PwC's research indicates that corporations and other organizations have greater exposure to procurement fraud than most senior managers and board members realize. "This is precisely why processes need to be strong and the effectiveness of controls should be periodically monitored and evaluated," said Stern. "The true test of whether a corporation's internal controls environment is effective and its ethics and compliance program is robust is when it faces possible collusion between vendors and employees or learns of demands for kickbacks."
PwC's report discusses the increase to procurement risk in light of the economic downturn and the specific impact of cost reduction measures including delayed upgrades of IT systems, strained procurement systems and other factors that can cause organizations to be vulnerable to procurement risk.
The report also highlights recent developments in the area of procurement, including that in addition to the federal government, state and local governments have stepped up enforcement efforts. More than 20 states and cities, including New York and Chicago, have followed the federal government's lead by enacting their own civil false claims acts.
Further, recently, President Barack Obama ordered an overhaul of the federal contracting system and launched an effort to establish new federal guidelines on procurement and contracting. According to the PwC report, procurement risk extends across a multitude of industries, and schemes vary in nature, complexity and scale. Almost two-thirds of reported cases do not involve military-related spending.
Stern continued: "Other industries that were subject to task force prosecutions include education, aerospace and telecommunications. In total, from June 2007 through June 2008, procurement fraud cases involved more than 25 distinct industries.
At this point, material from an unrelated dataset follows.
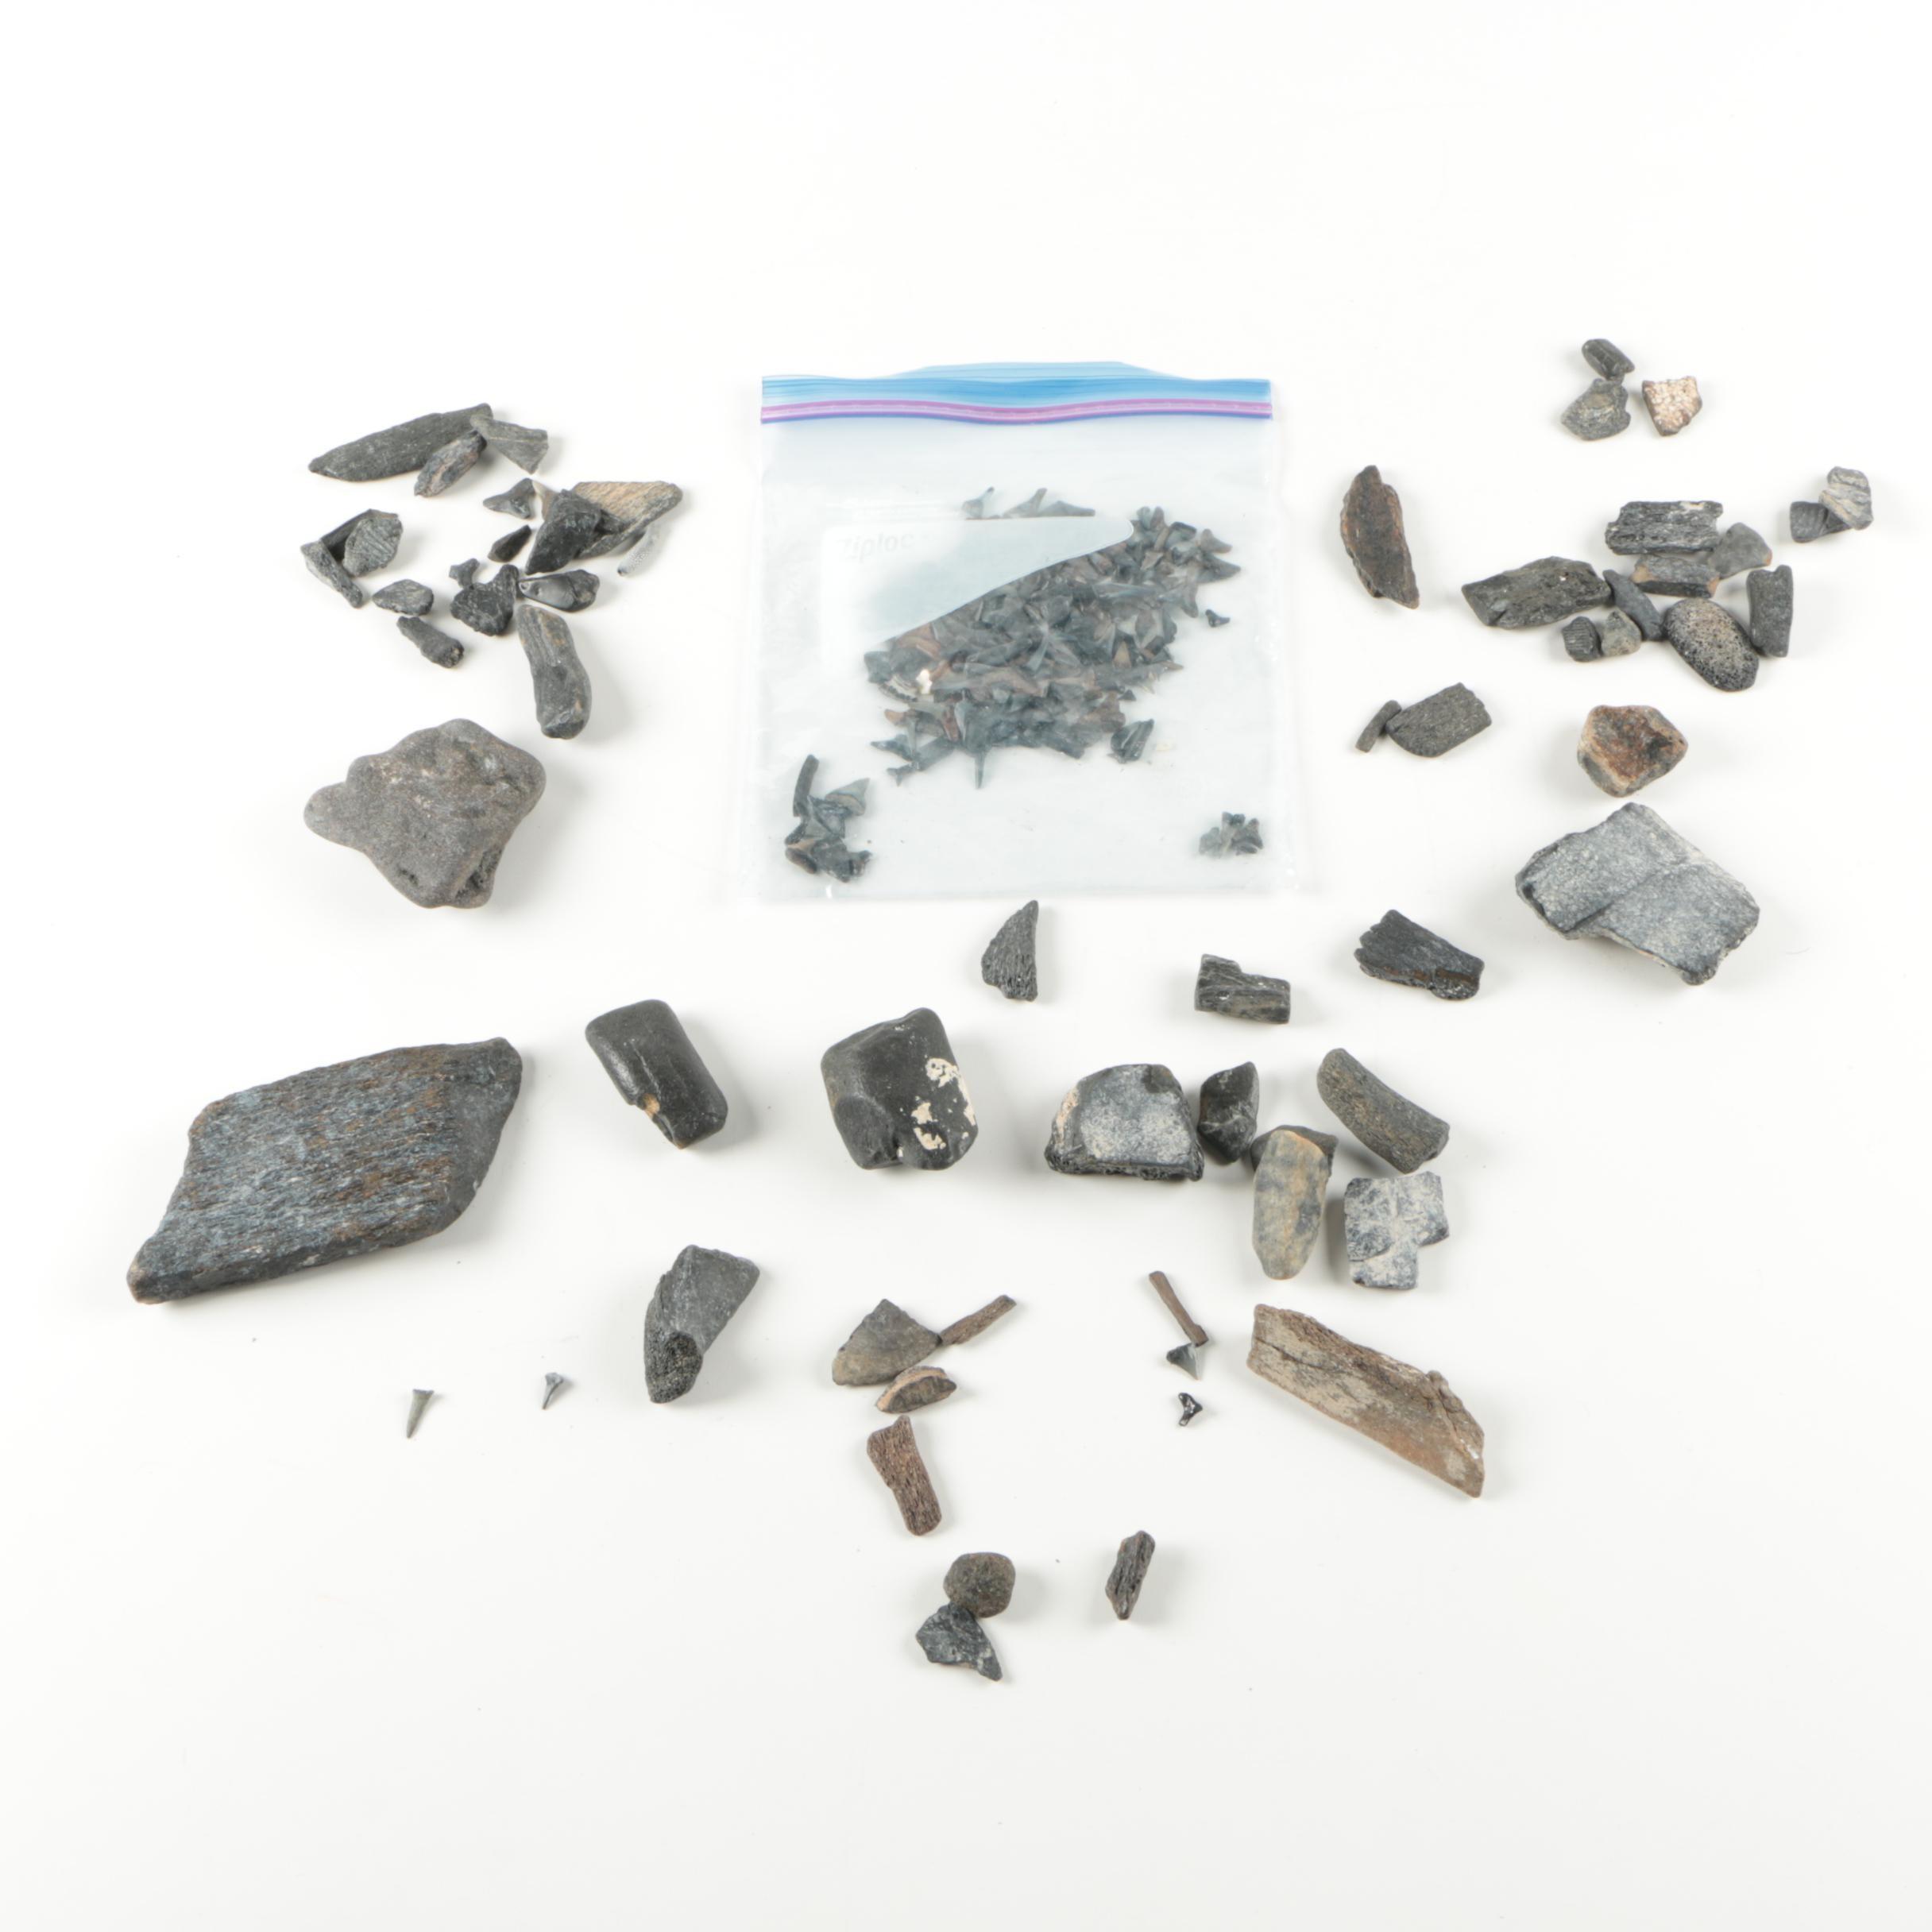 Recent Vertebrate Fossil Specimens

In fact, the range of industries, array of government agencies involved, and the crime's geographical reach indicate that the common denominator of procurement fraud is vulnerability in corporate controls."
Profiling an offender is difficult according to the PwC report. The report states that offenders came from all types of backgrounds. More than half of defendants were vendors or their employees, and more than 30 percent involved public servants.
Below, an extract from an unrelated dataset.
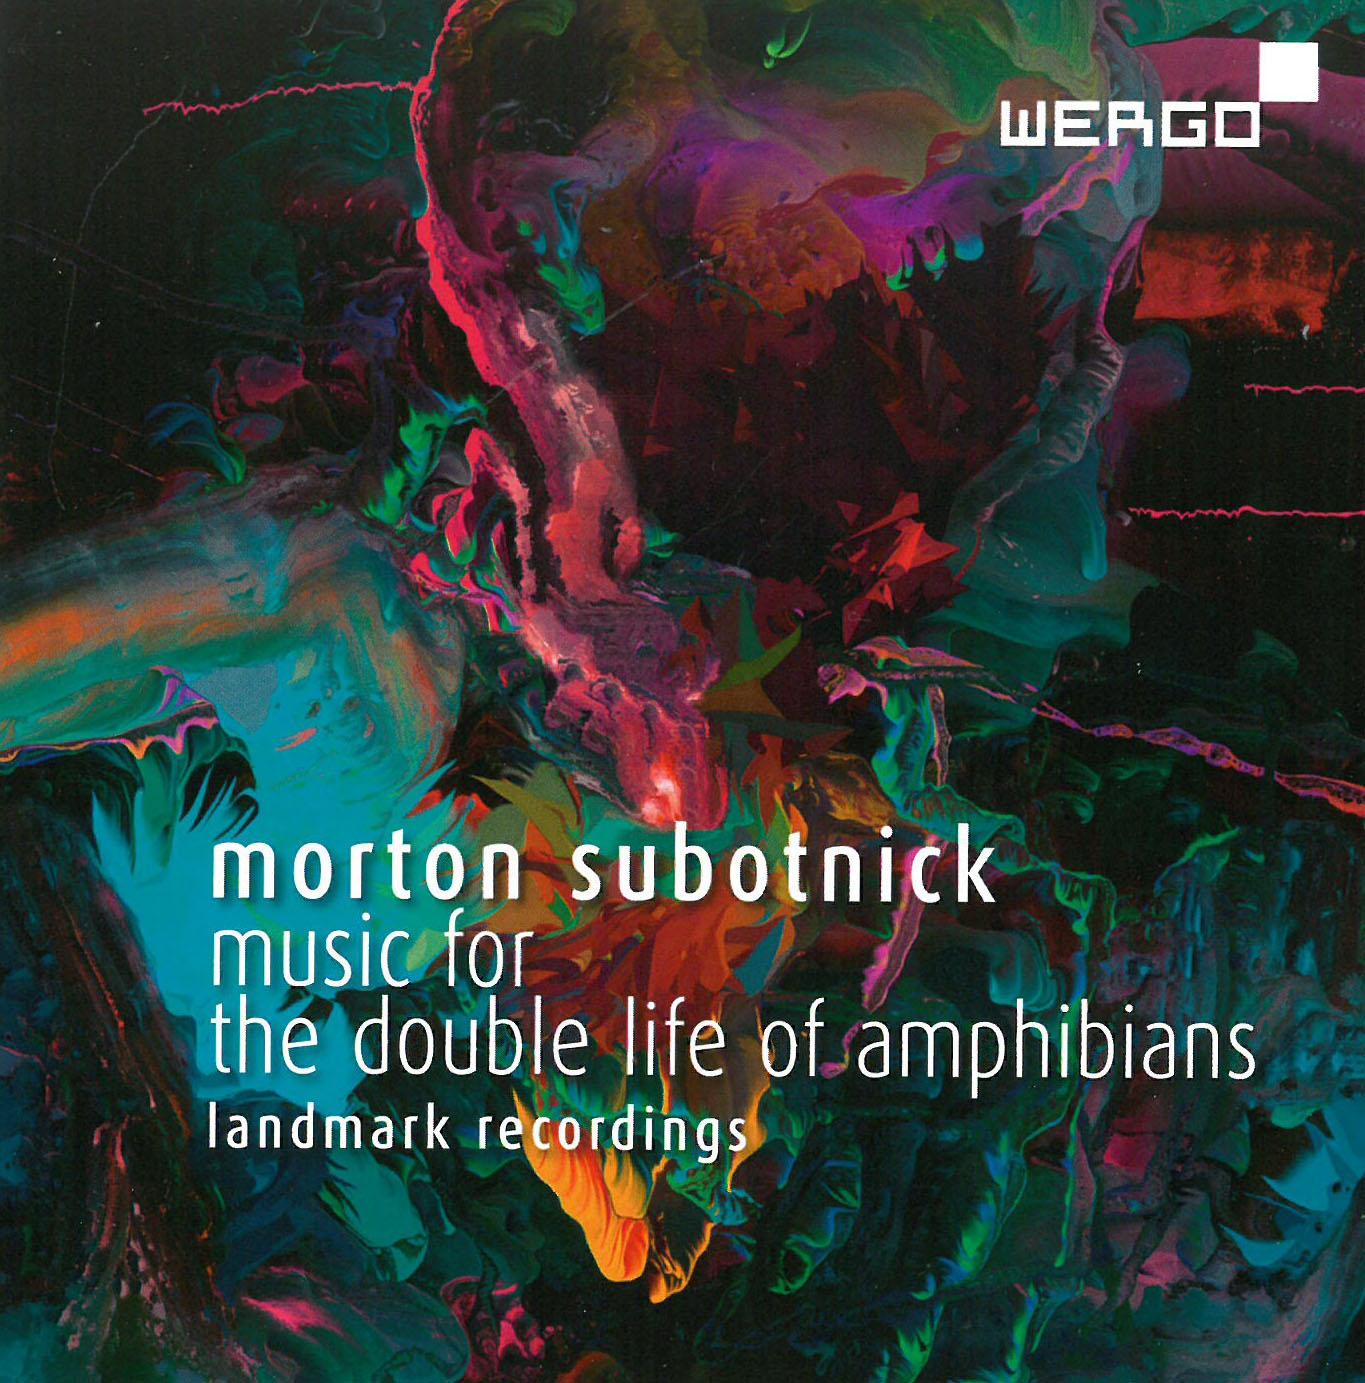 Morton Subotnick - Electronic Works Vol. 2

The PwC report highlights that procurement fraud is perpetrated by individuals with significant operational knowledge of the systems and processes they abuse and that offenders tend to operate "under the radar." Hence, complying with and monitoring policies related to bidding processes, information management systems, vendor maintenance, and invoice and payment processing can create opportunities for abuse, making it difficult to detect and prevent abuse and fraud.
Examples of potential red flags for procurement risk include:
- Information management
- Inconsistent data compiled across procurement-related systems
- Significant data quality issues relating to spend data and vendor data
- Procurement process
- Lack of controls around use of preferred vendors, negotiated contracts
- Low compliance with corporate preferred buying guidelines
- Vendor maintenance
- Multiple instances of the same vendor within master data
- Inconsistent vendor payment terms across the organization
- Invoice and payment processing
- Duplicate payments
- Inefficient invoice processing
- Consolidate vendors and streamline procurement processes.
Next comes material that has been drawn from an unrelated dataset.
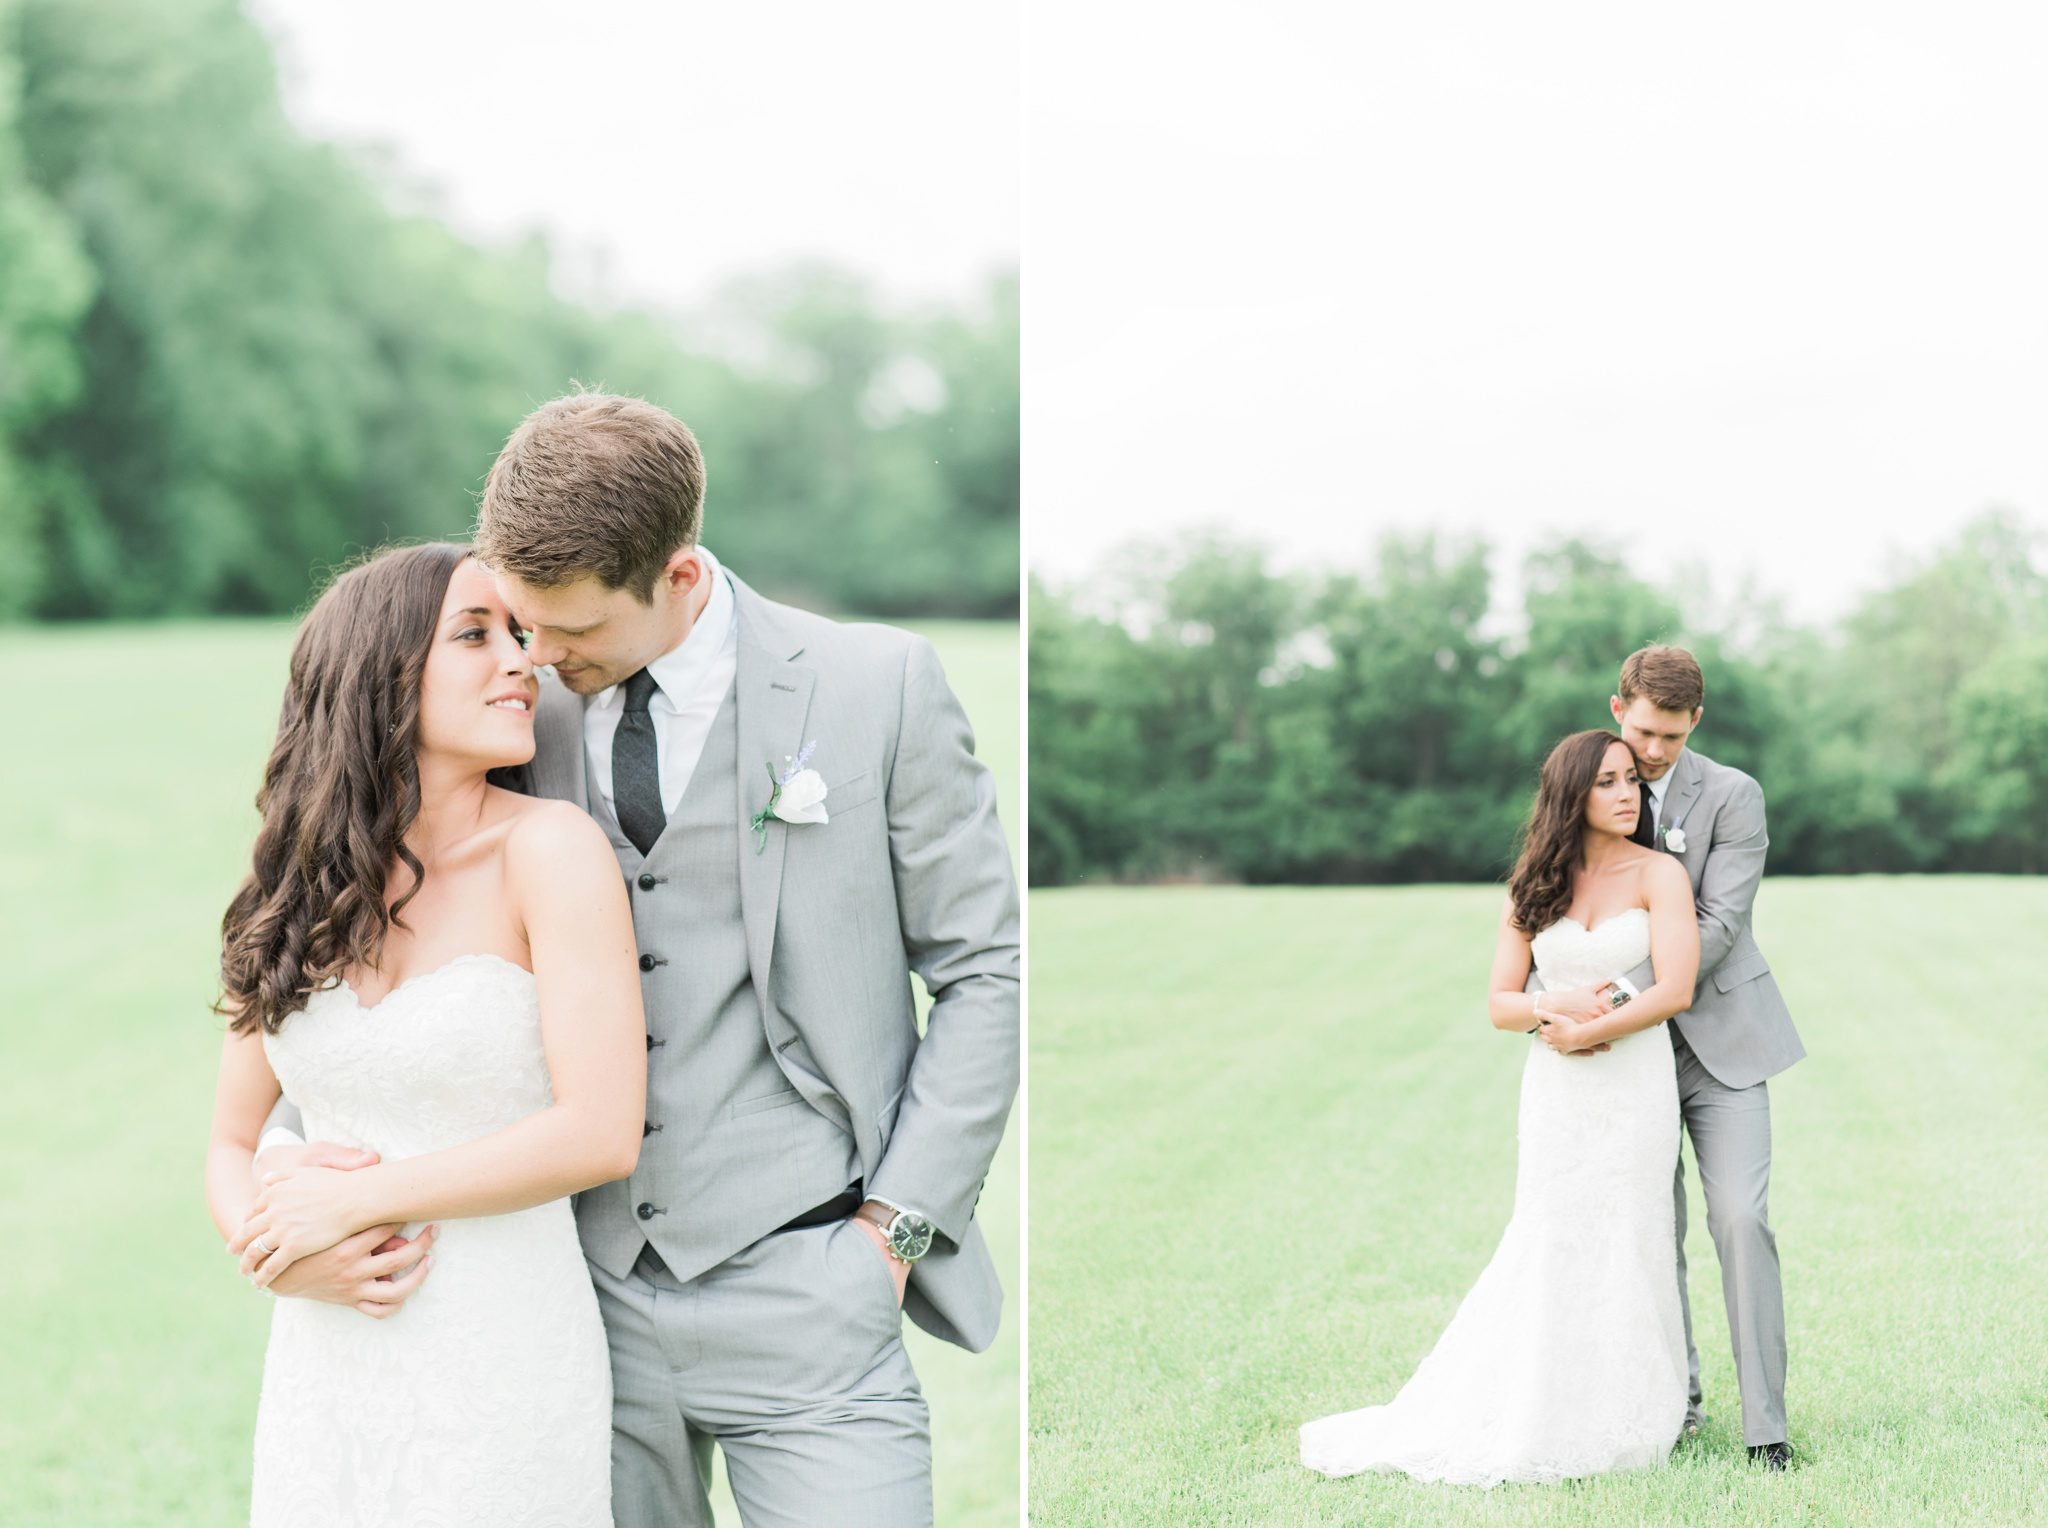 niederman-farm-wedding-cincinnati-ohio-photographer_0089.jpg

- Strengthen IT systems by focusing on the set up and maintenance of vendor master files and other support systems.
- Do not rely solely on a code of ethics and whistleblower hotlines. These are powerful tools when used appropriately and in combination with other antifraud measures.
- Perform periodic due diligence of vendors using a risk-based approach.
- Analyze procurement trends, payment patterns, and changes in the mix of products and services procured to find indications of wasteful or collusive behavior.